It's an interesting question. I had to think about it overnight! It may be a loaded question. Because the question has a premise and it presumes an answer. It least as I read it it does.

The idea of "thinking about communicating while we play." That has a lot to do with what we think communication is. And what we think "thinking" is. Most great performers who go on the record about what's going on in their heads while they play explain, in one way or another: they're listening to what they hear - the music - and using that as the basis for what they play. Whether that's thinking about communicating in the sense of the original question I don't know. But it's definitely "thinking about communicating."

Carlos Santana (with Michael Shrieve, drums) at Woodstock as an example:



They're thinking about "something" while they play. But who knows what? Are they thinking about what they're communicating? Are they thinking - or just "listening" - to the inner muse?
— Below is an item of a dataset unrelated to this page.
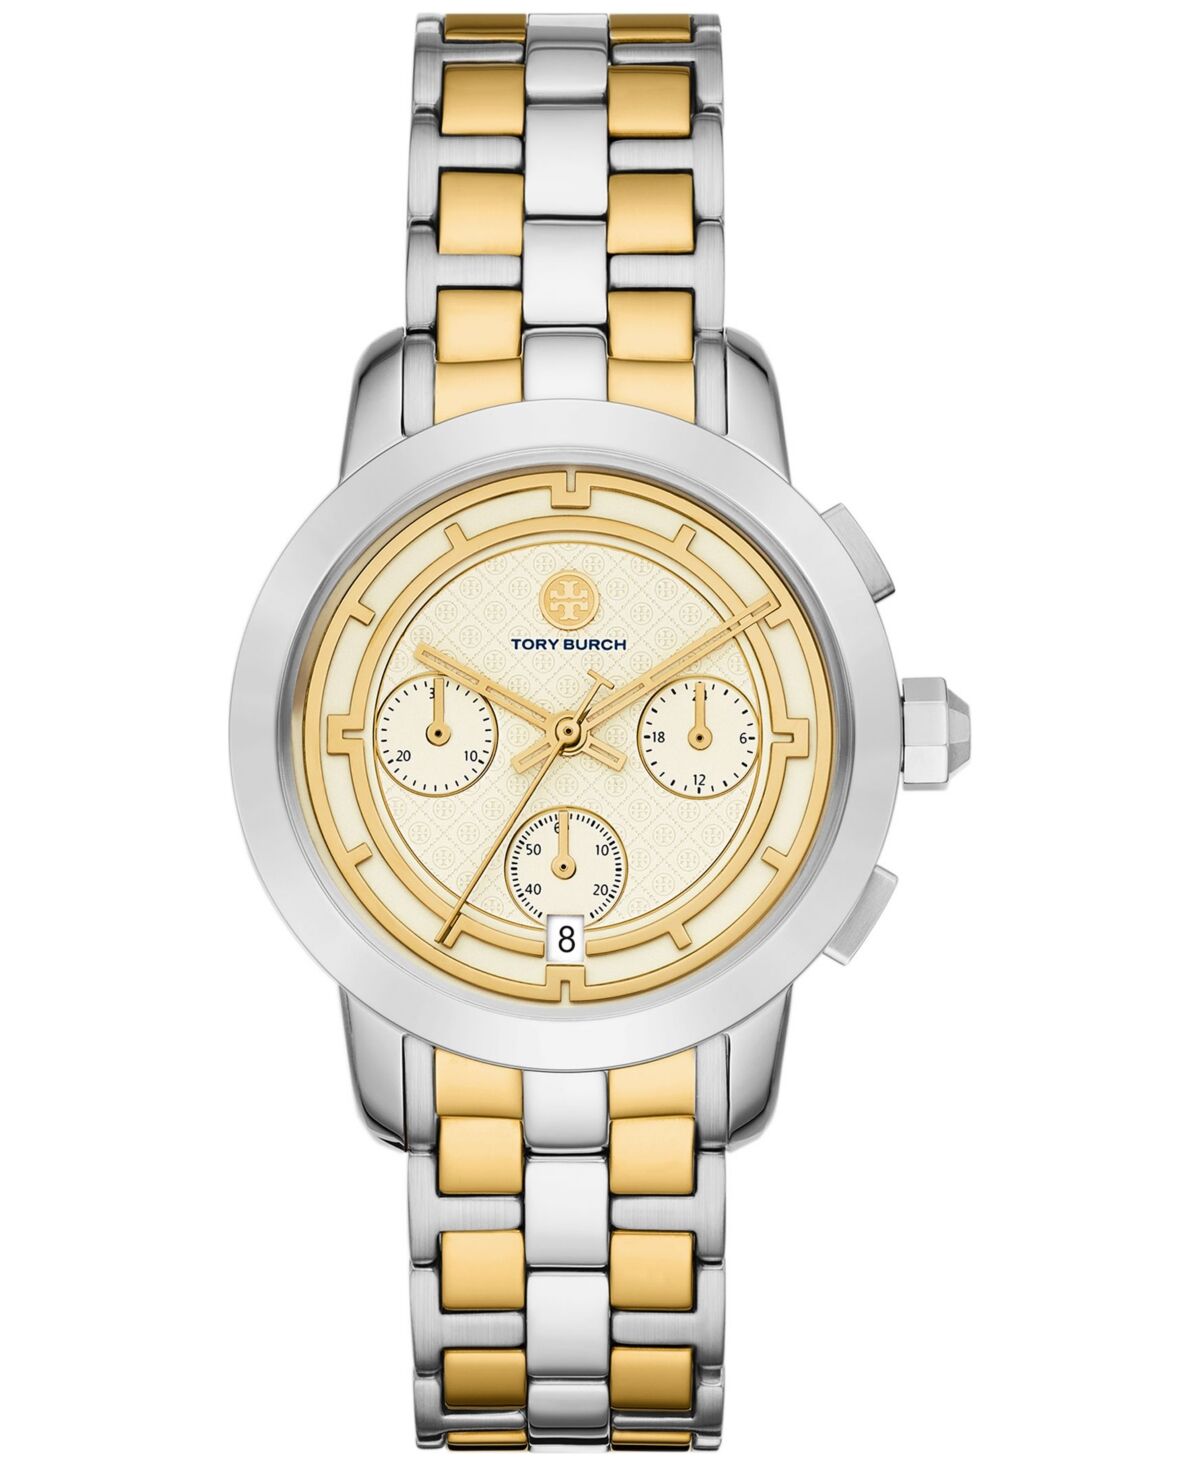 Tory Burch Women's Chronograph Two-Tone Stainless Steel Bracelet Watch 37mm - Multicolor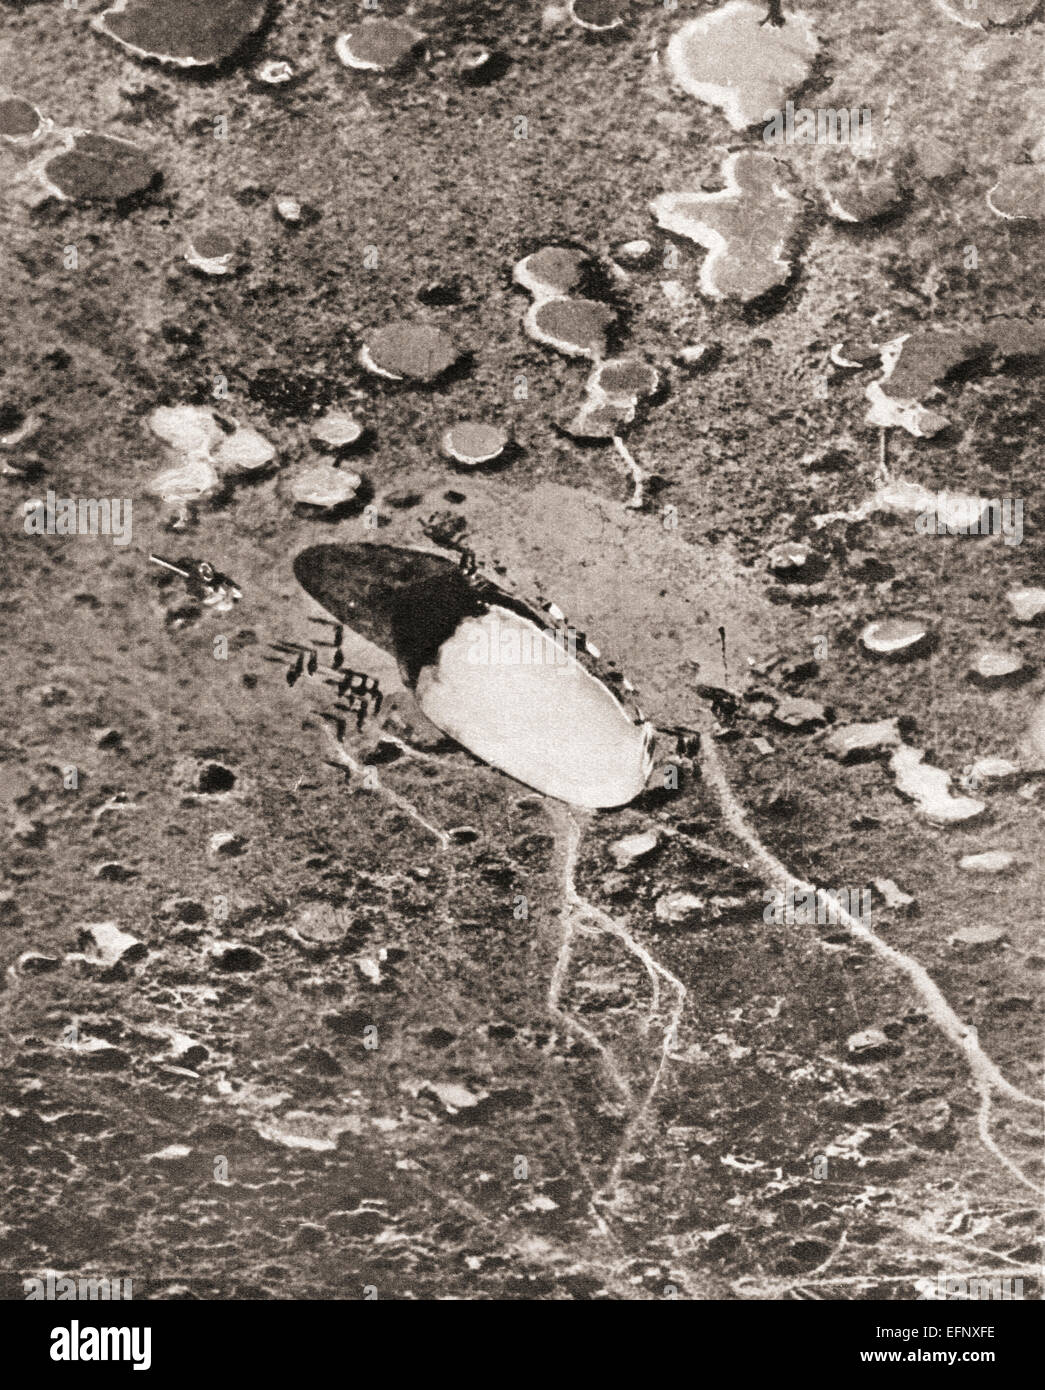 Aerial view of the capture of a war balloon on the western front during World War One. Stock Photo

Is thinking the right word for what they're doing? "Communicating" probably is but who knows what they're thinking about what they're communicating? Because they're in the moment - they're playing - they're making it up as they go. We get to hear the result.

Here's a book - Thinkin In Jazz - that explores the subject in jazz.

A different take is Leonard Bernstein's Norton Lectures at Harvard - it's available as a book. LB looks at music with linguistic theories of the day (in that day it was Noam Chomsky). In other words - music as language or the language of music. Which isn't to say because Leonard Bernstein says it it that music is a language or vice versa. And it's not to say Chomsky's the last word on this stuff.

These are just examples of stuff that's "out there" and related to the discussion "in here."